China should refrain from rolling out more stimulus and continue to implement changes to curb dangers from so-called shadow banking and local government debt, David Lipton, the first deputy managing director of the International Monetary Fund, said June 5.
While China’s National Audit Office said last week growth in regional debt has slowed, the absolute level is still high as a proportion of the economy, according to Liu Li-Gang, chief Greater China economist at Australia & New Zealand Banking Group Ltd. Local borrowings surged 67 percent to 17.9 trillion yuan as of June 2013 from the end of 2010.
Pressure to refinance old debt is forcing China’s local-government financing vehicles to issue a record amount of bonds this year. They sold 879.9 billion yuan of notes since Dec. 31, the most in the same period since at least 1999, according to data compiled by Bloomberg on so-called chengtou bonds issued by the fundraising units.
“The increasing bond issuance will add to the future debt load of local government financing vehicles,” said Liu Dongliang, a senior analyst in Shanghai at China Merchants Bank Co.
Authorities have sought to rein in shadow banking that ballooned to 38.8 trillion yuan as of the end of last year, according to a May Barclays Plc report.
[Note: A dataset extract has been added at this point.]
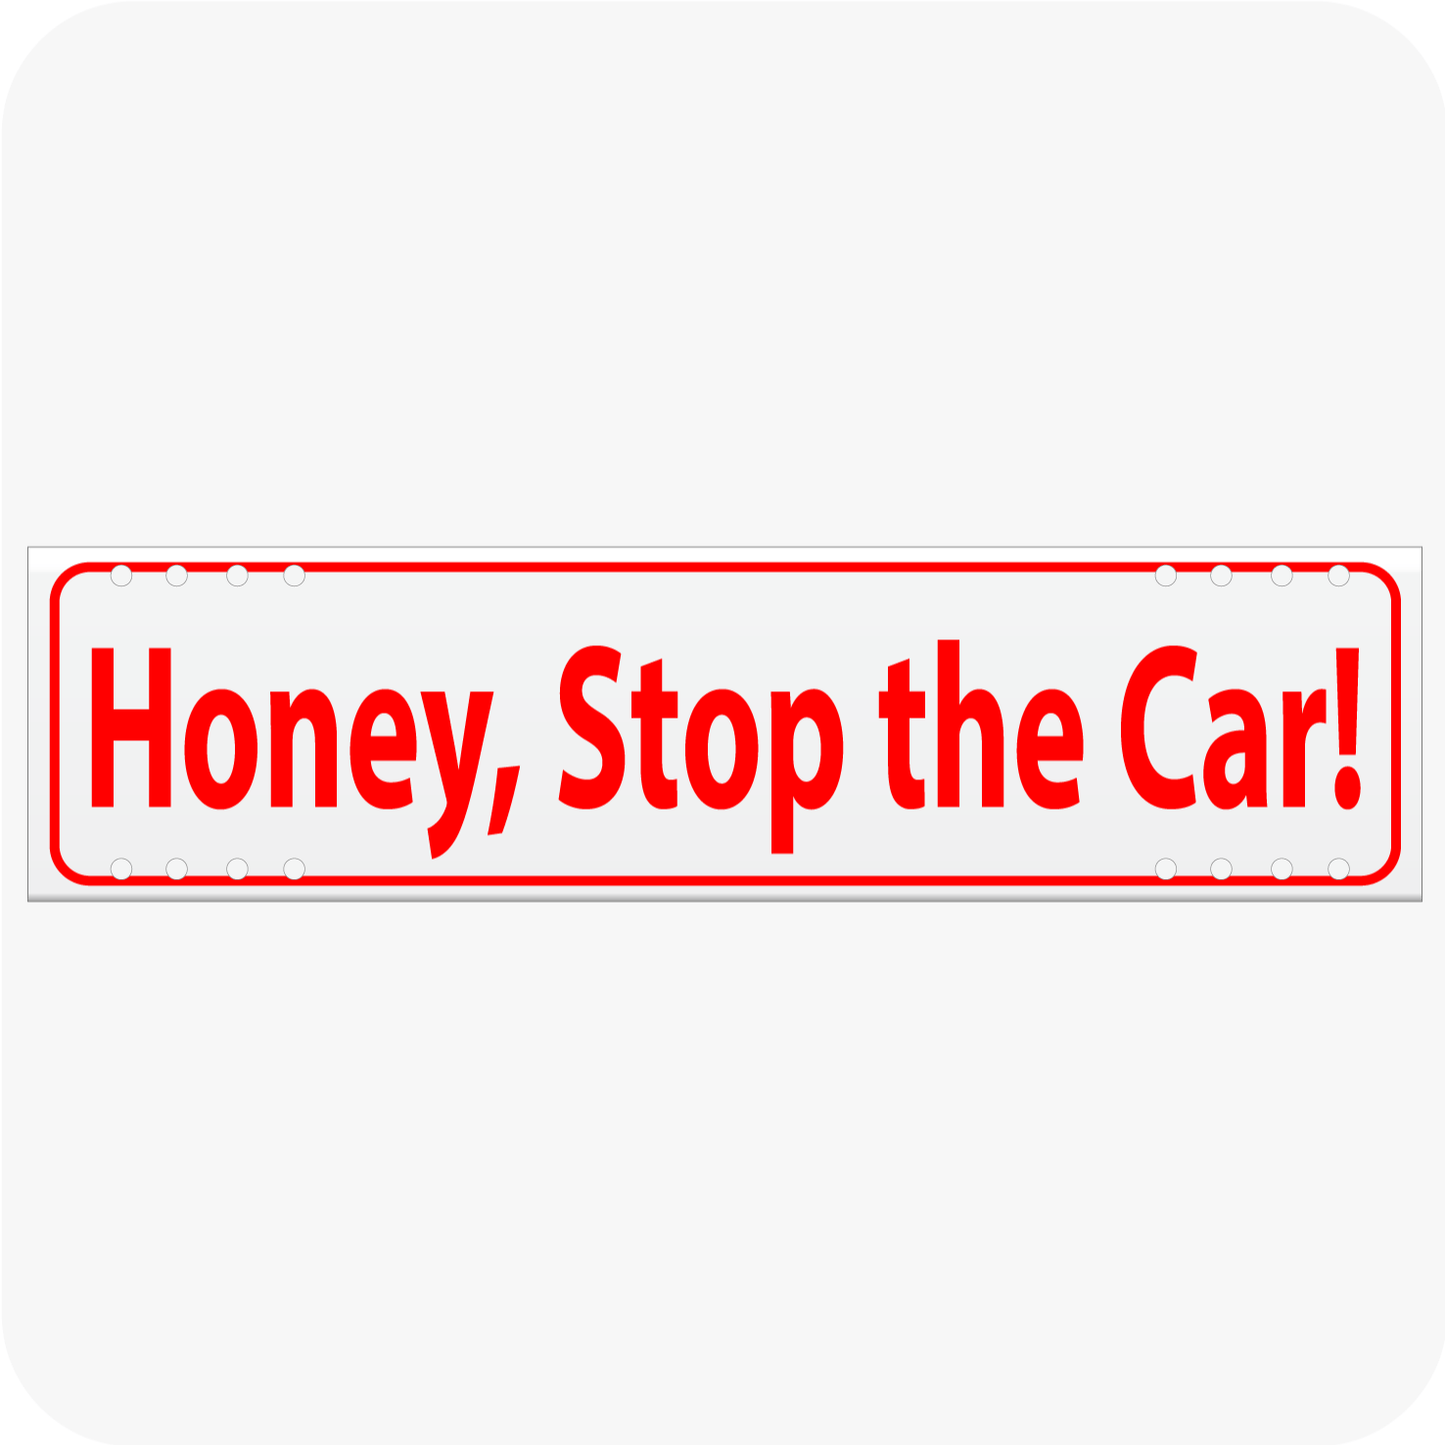 Honey, Stop the Car! 6 x 24 Corrugated Rider - Red

Aggregate financing, China’s broadest measure of new credit that includes such fundraising, fell to 1.4 trillion yuan in May, from 1.19 trillion yuan the same month last year.
“Chinese companies have reverted to bank loans or the bond market for funding after the government strengthened controls on shadow banking,” China Merchants’ Liu said.
Authorities have allowed borrowing costs to fall in 2014 after engineering credit crunches last year that sparked concern defaults would spread. The yield premium on top-rated corporate notes due in two years over similar-maturity government securities dropped 66 basis points this year to 123 basis points.
The yield on the benchmark 10-year sovereign note has declined 47 basis points to 4.08 percent this year as the cooling economy added to demand for haven assets. The yuan has fallen 2.4 percent against the dollar since Dec. 31, making it Asia’s worst-performing major currency.
“When the economy slows, stabilizing the economy is certainly a more important task than deleveraging,” said Sun Binbin, a bond analyst in Shanghai at China Merchants Securities Co. “Yields are declining and liquidity is loose, so it’s more convenient for companies to raise money, especially in the bond market.”